57th and Blackstone

That’s not right. That’s not exactly where I lived, in my third-floor apartment in Hyde Park, in the ‘eighties, while I studied literature at the University of Chicago. It sounds right, and that’s the way I remember it, but Google Maps says it’s wrong. Anyway.

I had a fancier apartment than many graduate students because every summer I worked in Chicago as a highly-paid secretary, and I socked that money away. Maybe I also had money left over from my lucrative year as a copywriter at Kenyon and Eckhardt advertising, in an office along the Chicago River. They hired me right out of Northwestern with a degree in English. The guy in charge looked at me, and looked at the writing sample I’d brought — an analysis of despair in The Hunger Artist — and laughed.

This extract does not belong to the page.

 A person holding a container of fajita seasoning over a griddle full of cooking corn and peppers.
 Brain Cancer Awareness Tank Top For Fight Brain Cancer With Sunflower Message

“Okay,” he said. “I’ll do this. I’ll put you in a room with a typewriter. I’ll throw some ideas for ads at you. You’ll write the ads. One radio, one tv, one print. I’ll give you a half hour. If I like what you wrote, I’ll hire you.”

That was Chicago, beloved city.

In the evening, in my apartment on Blackstone or wherever it was, I’d turn on the radio and grimace through the Studs Terkel show. I really didn’t like it. I didn’t like him. And I hated his sign-off: Take it easy, but take it. But I listened to him, while I made spaghetti (only spaghetti, ever), or read Herzog, or rooted under the couch for my cat’s toy. … Why did I think take it easy but take it was stupid then, when now, reading Charles Wright’s poem Disjecta Membra (here’s some of it), maybe my favorite poem of all, I applaud the wisdom at its end:

…Take a loose rein and a deep seat,
John, my father-in-law, would say
To someone starting out on a long journey, meaning, take it easy,
Relax, let what’s taking you take you.

Same idea. Maybe it was Terkel’s cloying sentiment. Maybe I thought intensity galore was the ticket. Now that he’s died, I hear the strange grain of Terkel’s voice so clearly, the eager breathy sound he made…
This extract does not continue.